Filipinas supera Vietnã em valor no mercado chinês de bananas
As Filipinas se tornaram o maior fornecedor de bananas da China em valor no primeiro semestre de 2026, enquanto o Vietnã manteve a liderança em volume. Preços menores e qualidade irregular reduziram a receita vietnamita em um mercado anual superior a US$ 1 bilhão.
Filipinas assume a liderança em valor
As Filipinas retomaram no primeiro semestre de 2026 o primeiro lugar entre os fornecedores de bananas da China em valor, superando o Vietnã, que havia se tornado a principal origem em 2024. O Vietnã, porém, permaneceu na liderança em volume físico, evidenciando uma diferença crescente entre a escala dos embarques e o valor unitário.
A China importou 1,15 milhão de toneladas de bananas no valor de US$ 641 milhões no semestre, segundo estatísticas da alfândega chinesa divulgadas pelo Thanh Nien.
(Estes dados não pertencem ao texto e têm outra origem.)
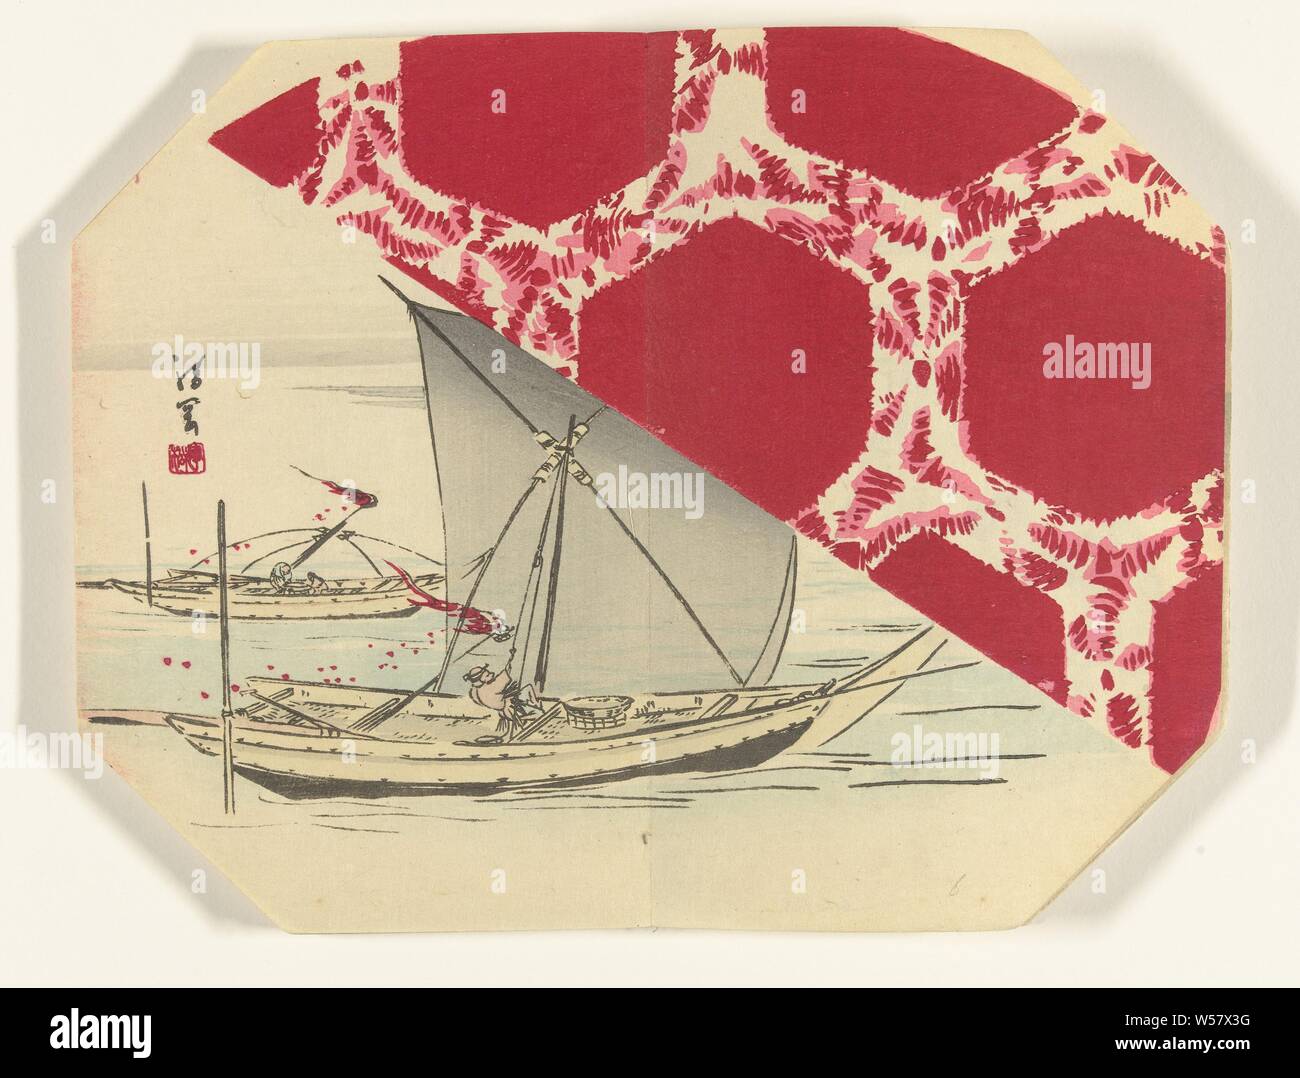 Les bateaux de pêche de nuit, octogonale imprimer dans l'album avec 39 tirages., Ayaoka Yûshin (mentionné sur l'objet), Japon, 1880 - 1890, gravure sur bois, papier couleur, h 223 mm × W 287 mm Banque D'Images

O volume cresceu 3,3% e o valor aumentou 3,7% em relação ao mesmo período de 2025. O mercado chinês de bananas importadas movimenta mais de US$ 1 bilhão por ano.
Quatro origens forneceram mais de 100 mil toneladas cada uma e geraram acima de US$ 100 milhões: Filipinas, Vietnã, Equador e Camboja. O Vietnã embarcou 452 mil toneladas, quase 5% menos que um ano antes. As Filipinas forneceram 291 mil toneladas, enquanto o Equador alcançou 175 mil toneladas, alta de 14,1%. O Camboja ficou na quarta posição com 147 mil toneladas, avanço de quase 11%.
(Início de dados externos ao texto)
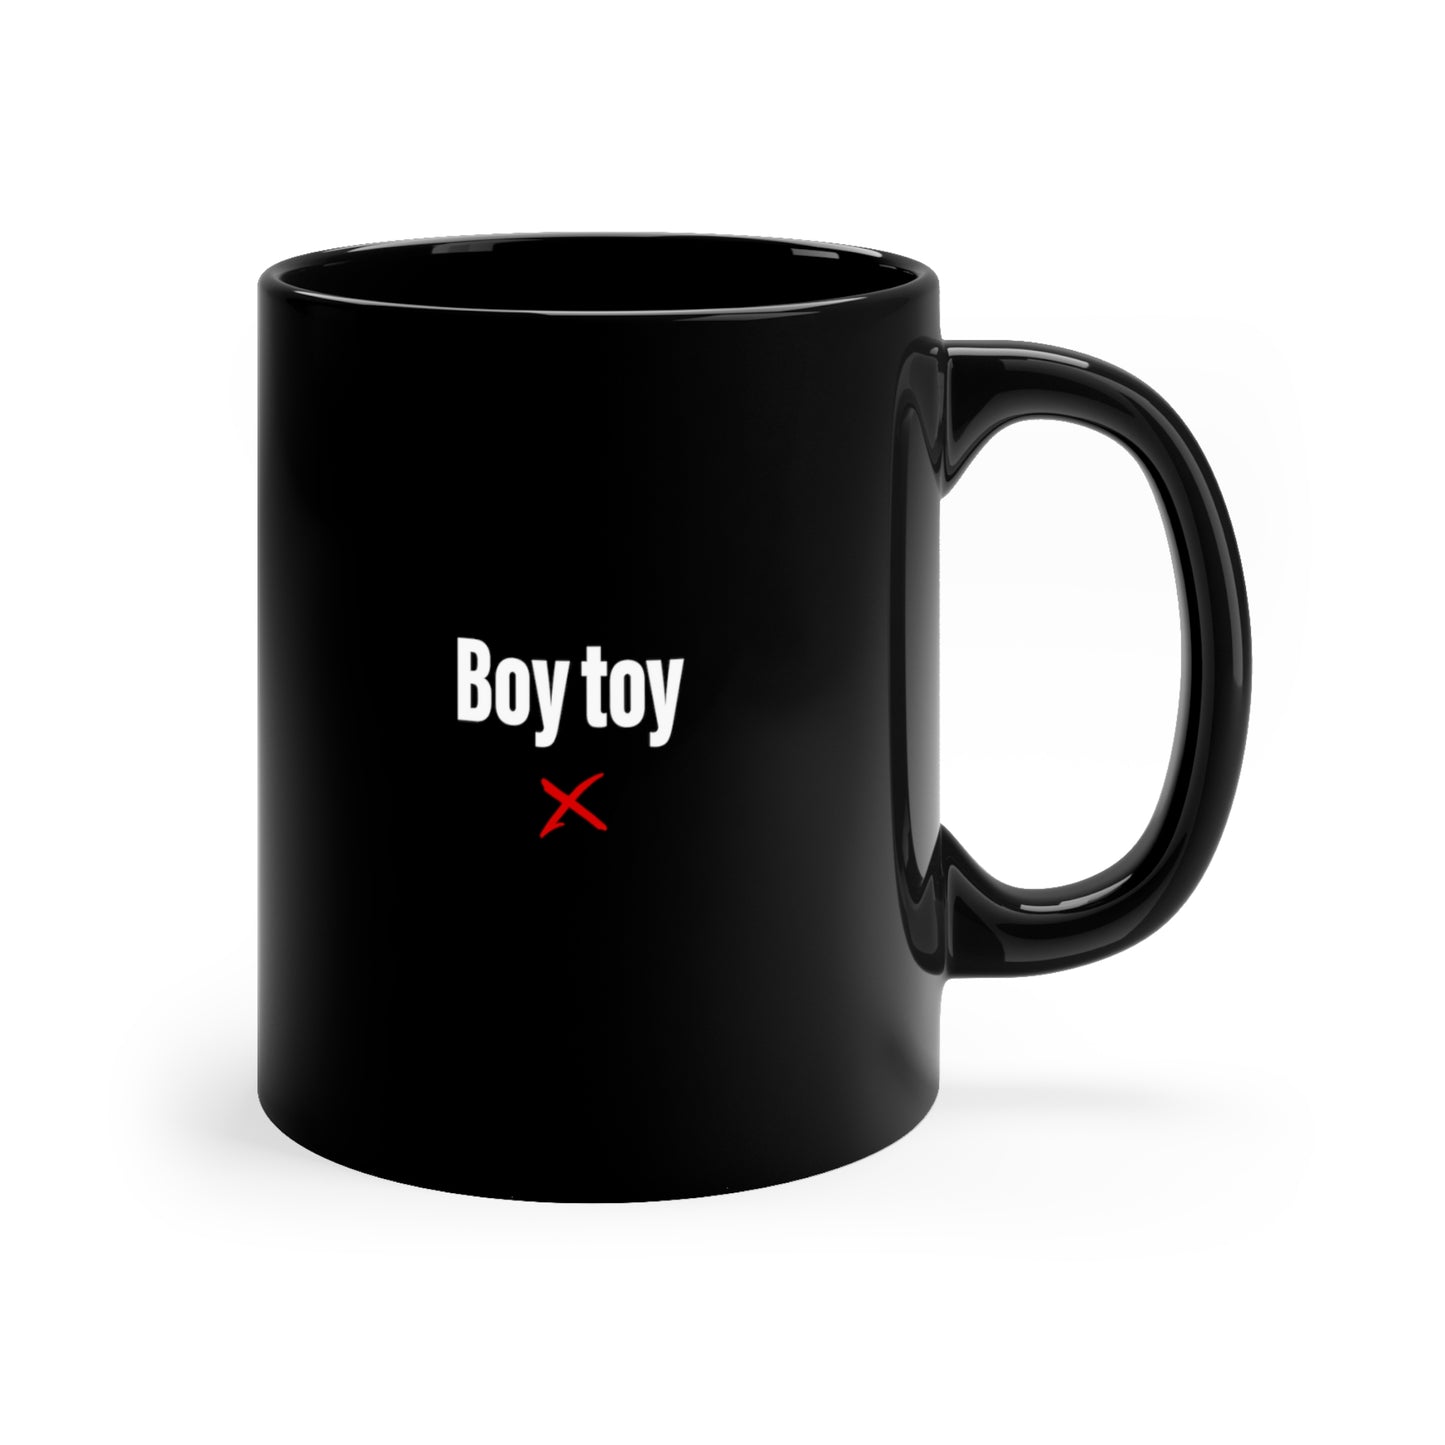 Boy toy - Mug

Diferença de preços altera a classificação
Os embarques filipinos atingiram US$ 179 milhões, acima dos US$ 174 milhões do Vietnã. O Equador obteve US$ 134 milhões e o Camboja, US$ 103 milhões. A mudança na liderança refletiu diferenças expressivas nos preços médios de importação, e não o volume embarcado.
O preço médio das bananas importadas pela China foi de US$ 556 por tonelada. A fruta filipina alcançou em média US$ 614 por tonelada, alta de 2%, e a banana cambojana, US$ 698 por tonelada, queda de 0,6%. O preço médio do Vietnã recuou 6,2%, para US$ 385 por tonelada, o menor entre os quatro grandes fornecedores. O Equador registrou o preço mais alto, de US$ 770 por tonelada, aumento de 2,6% sobre o primeiro semestre de 2025.
Qualidade e pós-colheita definem a receita
Dang Phuc Nguyen, secretário-geral da Associação de Frutas e Hortaliças do Vietnã, relacionou o volume e a receita de exportação à qualidade, ao preço, à distribuição e à conservação. Segundo ele, as bananas vietnamitas atendem principalmente ao segmento de massa e ampliaram rapidamente sua participação por meio da concorrência de preços. A fronteira terrestre e as rotas marítimas curtas entre Vietnã e China reduzem os custos de transporte rodoviário e marítimo.
As Filipinas abastecem há décadas mercados asiáticos exigentes, como Japão, Coreia do Sul e China, e possuem marcas globais estabelecidas em redes de supermercados de padrão superior. Grandes fazendas de grupos multinacionais aplicam processos padronizados desde a seleção de variedades e fertilização até a proteção dos frutos e a colheita. A cadeia de frio integrada e o tratamento pós-colheita melhoram a aparência, a vida útil e a uniformidade.
Grandes empresas agrícolas também investiram no Vietnã, mas parte da área continua sob cultivo de pequenos produtores, causando diferenças de qualidade entre lotes. Em julho de 2026, o país tinha mais de 1.200 códigos ativos de áreas de cultivo e 120 códigos de instalações de embalagem para exportação à China. Mais de 1.100 códigos adicionais aguardavam aprovação chinesa. Nguyen afirmou que o setor precisa melhorar variedades, cultivo, colheita, conservação e logística para elevar seu valor.